There is no INI key to disable shebang sniffing; rename or change the `#!` line to suppress it.
---
## How Notepad3 reads these markers
- **`.LOG`** is checked at offset 0 only; bytes 14 must be `.LOG`, byte 5 must be `\r`, `\n`, or EOF.
- **Emacs file variables**, **Vim modelines**, and **encoding tags** are searched in two passes: first the leading `Settings2.FileVarScanBytes` bytes, then — only if nothing was found in the head — the trailing window.
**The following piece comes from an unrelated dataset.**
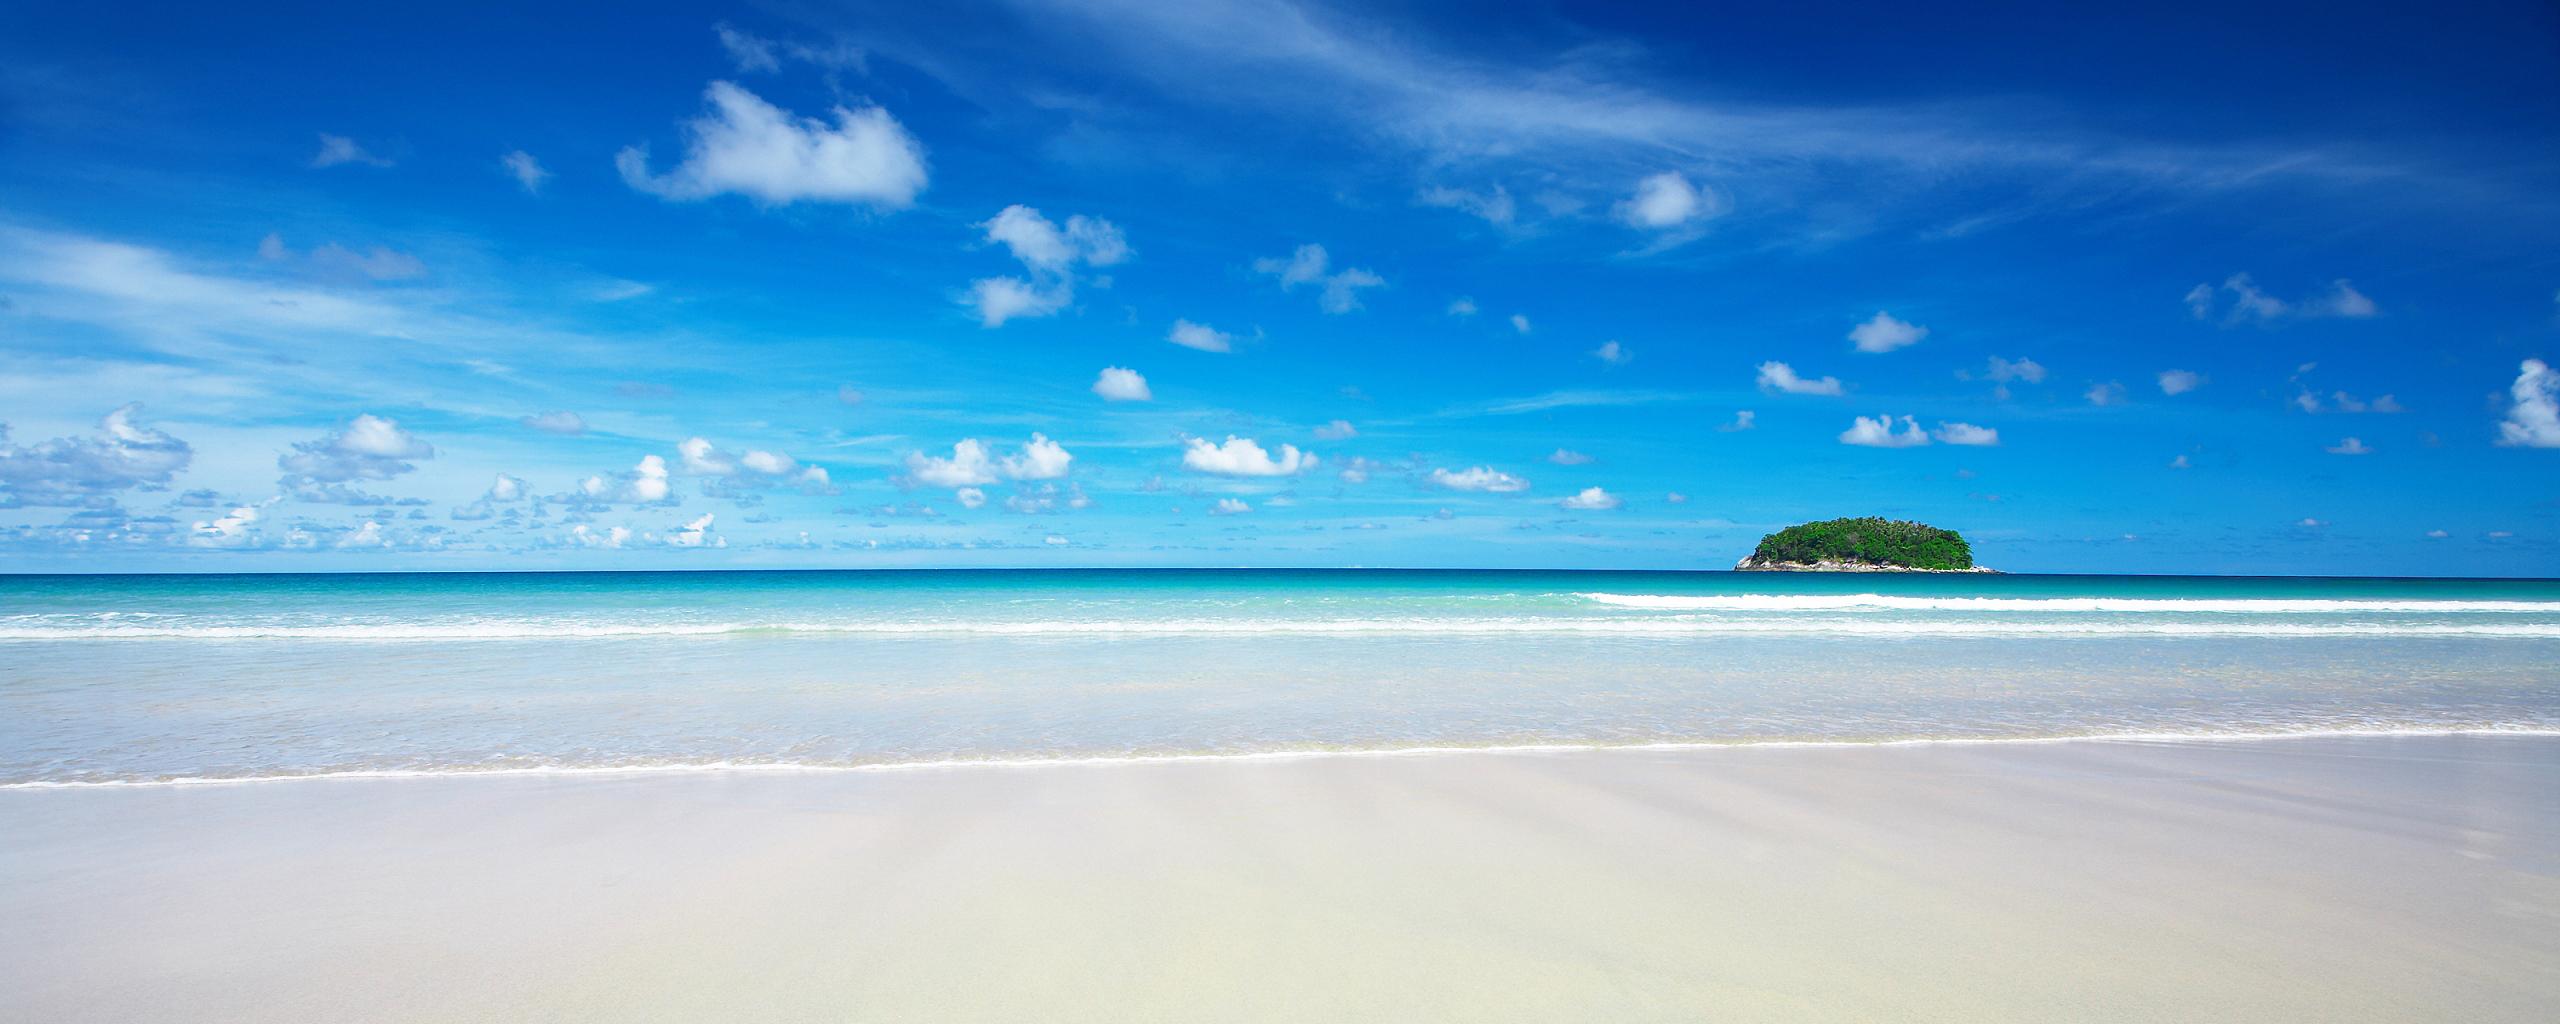 пляж, пляжный Paradise

Default 512, max 2048.
- **Shebang** is checked on line 1 only.
**Precedence for encoding** (most specific first):
1. Command-line switch (`/utf8`, `/ansi`, …) or `/e <name>`
2. Byte Order Mark (BOM) at the start of the file
3. Encoding tag (`coding:` / `encoding:` / `charset:`)
4. uchardet auto-detection
5. `Settings.DefaultEncoding`
**Precedence for lexer** (most specific first):
1. Command-line `/d`, `/h`, `/x`, `/s`
2. Filename / extension match
3. `mode:` file variable / `ft=` Vim modeline
4. Shebang sniff
5. Default lexer
---
## Related automatic detections (not file-content flags)
For completeness — these aren't markers you write, but Notepad3 reads file content to decide them:
- **BOM detection** — UTF-8 (`EF BB BF`), UTF-16 LE (`FF FE`), UTF-16 BE (`FE FF`), and UTF-32 BOMs are detected at file start and select the corresponding encoding. A BOM overrides any encoding tag.
- **Line-ending detection** — Notepad3 counts `\r\n`, `\r`, and `\n` occurrences and picks the most common as the document's EOL mode. If multiple kinds are mixed, you'll see the inconsistent-EOL warning (when enabled).
- **UTF-8 validity** — files whose non-ASCII bytes form valid UTF-8 sequences are loaded as UTF-8 (instead of the ANSI code page) when `LoadASCIIasUTF8` is on. Pure 7-bit ASCII files follow the same setting.
See [`readme/uchardet/EncodingDetection.md`](../uchardet/EncodingDetection.md) for the full encoding-detection pipeline and [Configuration Reference](Configuration.md) for the related `[Settings2]` keys (`NoFileVariables`, `NoEncodingTags`, `FileVarScanBytes`, `LoadASCIIasUTF8`, `LoadNFOasOEM`, `DateTimeFormat`, `DateTimeLongFormat`).